The first juvenile court was created in the United States in 1899. Since then, there have always been provisions in juvenile courts for those rare youngsters who would be more appropriately handled by the adult criminal courts. However, use of this provision was rare until the 1970s. In the 1980s and 1990s, the practice increased, resulting in many youngsters being tried as adults. Has this approach to juvenile crime worked or not?

This book provides a fresh look at the way the United States is choosing to deal with some of the serious or persistent youth offenders: by transferring juvenile offenders to adult courts.

For more than 20 years now, the attitude in some jurisdictions has been “if you’re old enough to do the crime, you’re old enough to do the time.” After two decades of applying this increasingly punitive mindset to juvenile offenders, it is possible to see the actual consequences of transferring more and younger offenders to adult courts.
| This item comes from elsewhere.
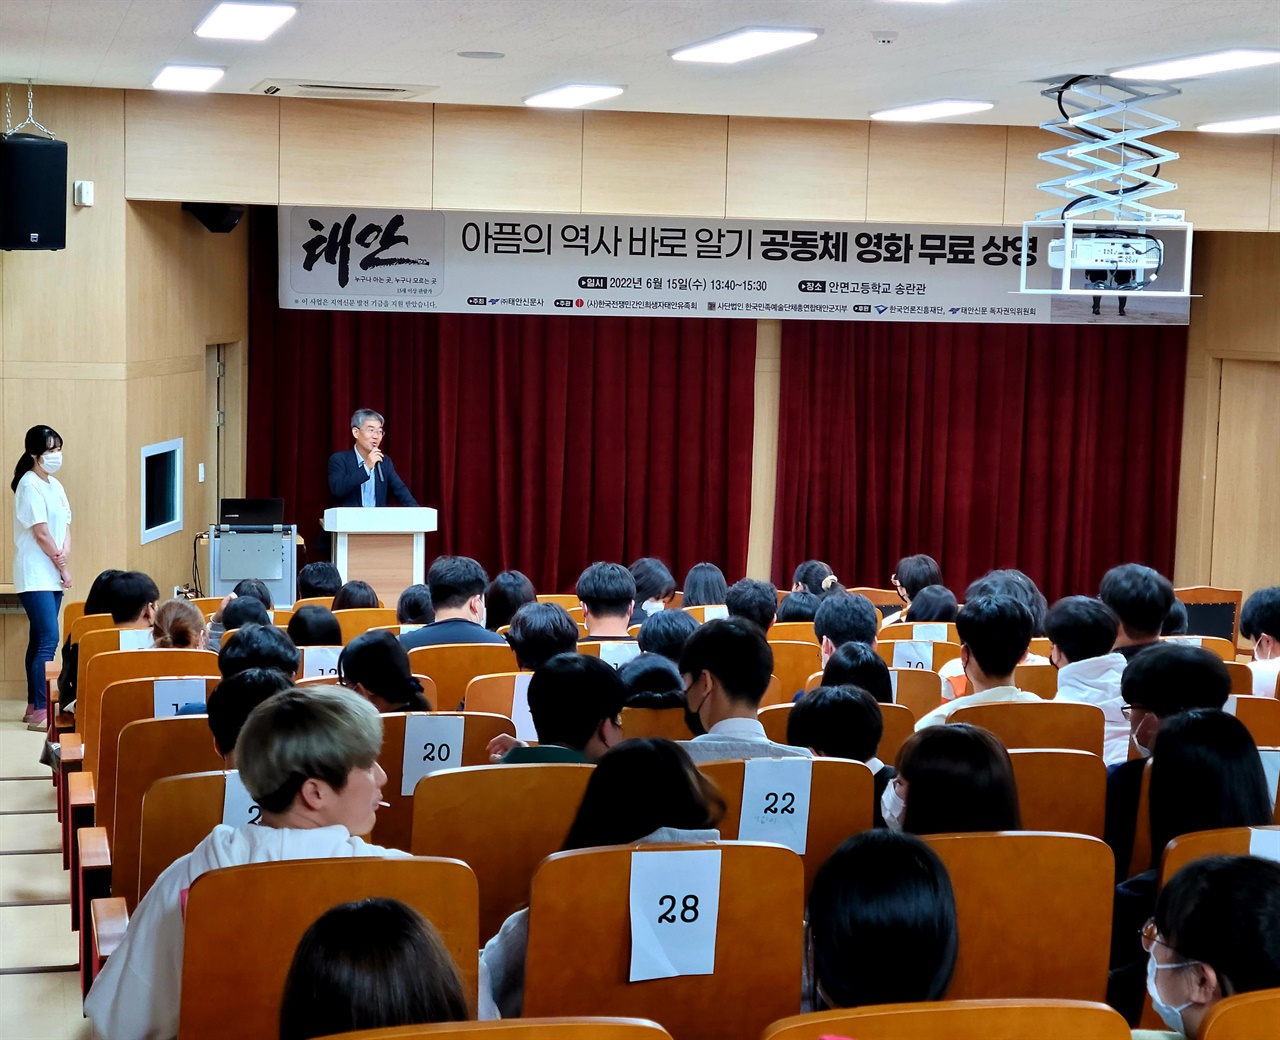 태안유족회 강희권 상임이사가 안면고 학생들에게 공동체 영화 상영에 대해 설명하고 있다.

In Do the Crime, Do the Time: Juvenile Criminals and Adult Justice in the American Court System, the authors apply their decades of experience, both in the practical world and from unique research perspectives, to shed light on the influence of public opinion and the political forces that shape juvenile justice policy in the United States. The book provides a fresh look at the way the United States is choosing to deal with some of the serious or persistent juvenile offenders, utilizing real-life examples and cases to draw connections between transfer policies and individual outcomes.

G. Larry Mays, PhD, is Regents Professor Emeritus of Criminal Justice at New Mexico State University, Las Cruces. He has taught at East Tennessee State University (1975-79), Appalachian State University (1979-81), and New Mexico State University (1981-2010). He was a police officer in Knoxville, TN, in the early 1970s and received his doctorate in political science from the University of Tennessee. Mays is author or editor of 18 books and nearly 100 scholarly articles, book chapters, encyclopedia entries, and practitioner publications.

Rick Ruddell, PhD, is Law Foundation of Saskatchewan Chair in Police Studies and faculty in the Department of Justice Studies at the University of Regina, Saskatchewan, Canada. He has previously served as director of operational research with the Correctional Service of Canada, and held faculty positions at Eastern Kentucky University and California State University, Chico. Ruddell received his doctorate in criminology and criminal justice at the University of Missouri, St. Louis, and his research has focused upon policing, criminal justice policy, and juvenile justice.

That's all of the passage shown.